We Live in a Cruel Universe, Body Mass Edition

Scott Alexander reviews Stephan Guyenet's The Hungry Brain, a sophisticated look a the new science of why we get fat:
In the 1970s, scientists wanted to develop new rat models of obesity. This was harder than it sounded; rats ate only as much as they needed and never got fat. Various groups tried to design various new forms of rat chow with extra fat, extra sugar, et cetera, with only moderate success – sometimes they could get the rats to eat a little too much and gradually become sort of obese, but it was a hard process. Then, almost by accident, someone tried feeding the rats human snack food, and they ballooned up to be as fat as, well, humans. The book:

Palatable human food is the most effective way to cause a normal rat to spontaneously overeat and become obese, and its fattening effect cannot be attributed solely to its fat or sugar content.

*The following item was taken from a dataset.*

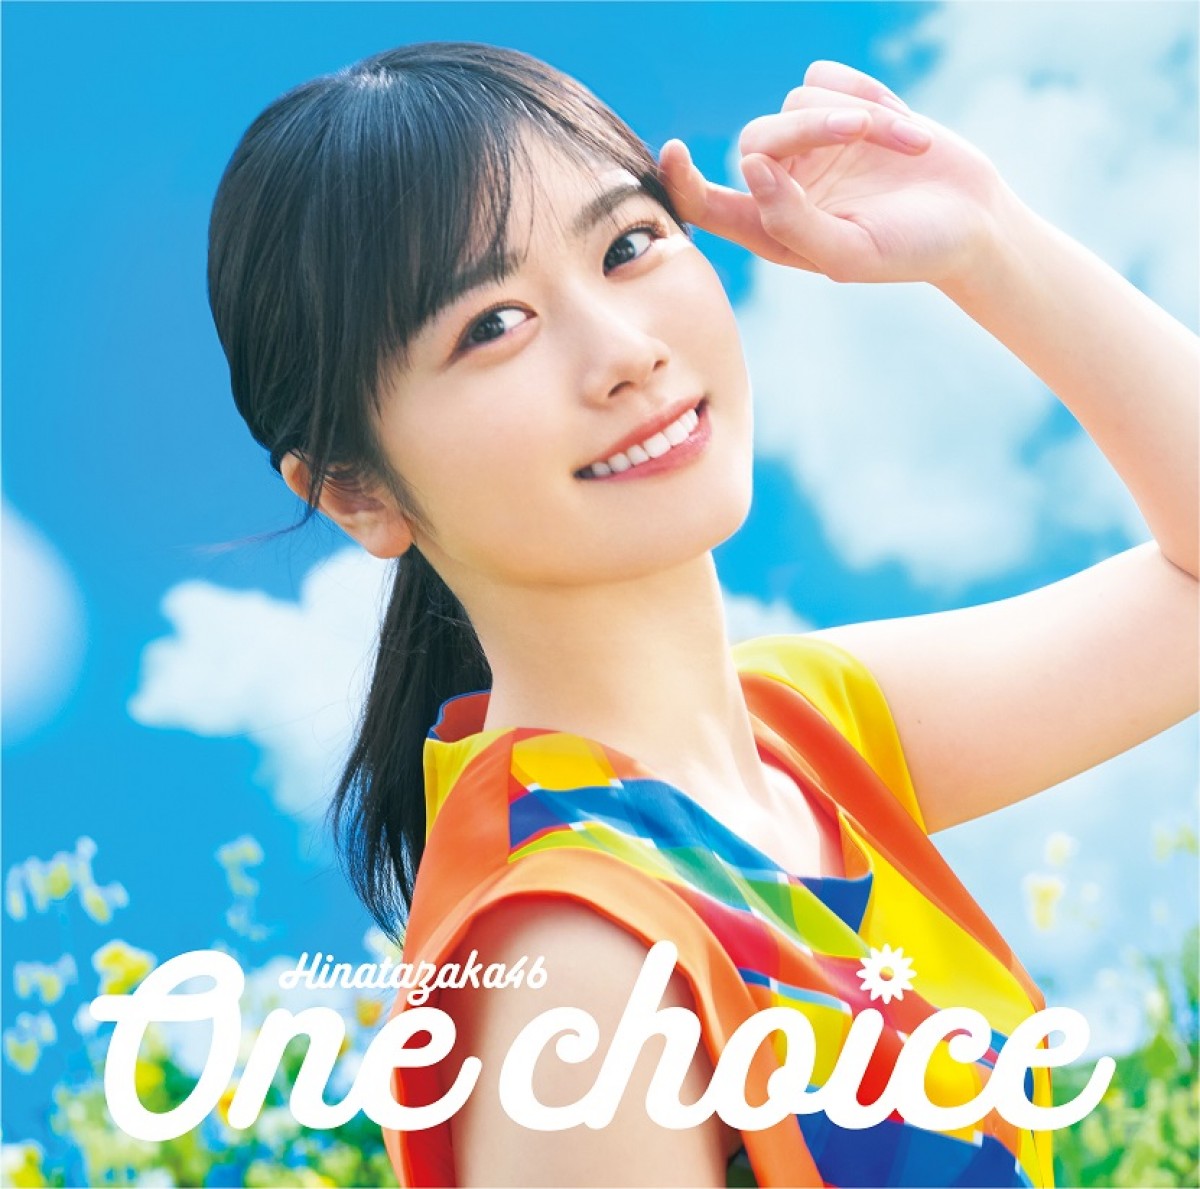 日向坂46、9thシングル「One choice」ジャケット写真公開　テーマは「Sun and Joy」

So what does cause this fattening effect? I think the book’s answer is “no single factor, but that doesn’t matter, because capitalism is an optimization process that designs foods to be as rewarding as possible, so however many different factors there are, every single one of them will be present in your bag of Doritos”. But to be more scientific about it, the specific things involved are some combination of sweet/salty/umami tastes, certain ratios of fat and sugar, and reinforced preferences for certain flavors.

Modern food isn’t just unusually rewarding, it’s also unusually bad at making us full. The brain has some pretty sophisticated mechanisms to determine when we’ve eaten enough; these usually involve estimating food’s calorie load from its mass and fiber level. But modern food is calorically dense – it contains many more calories than predicted per unit mass – and fiber-poor. This fools the brain into thinking that we’re eating less than we really are, and shuts down the system that would normally make us feel full once we’ve had enough. Simultaneously, the extremely high level of food reward tricks the brain into thinking that this food is especially nutritionally valuable and that it should relax its normal constraints.
Variety is another factor;  one reason the !Kung are thin is that most of their calories come from meat and mongongo nuts. The more variety available to you, the more you eat.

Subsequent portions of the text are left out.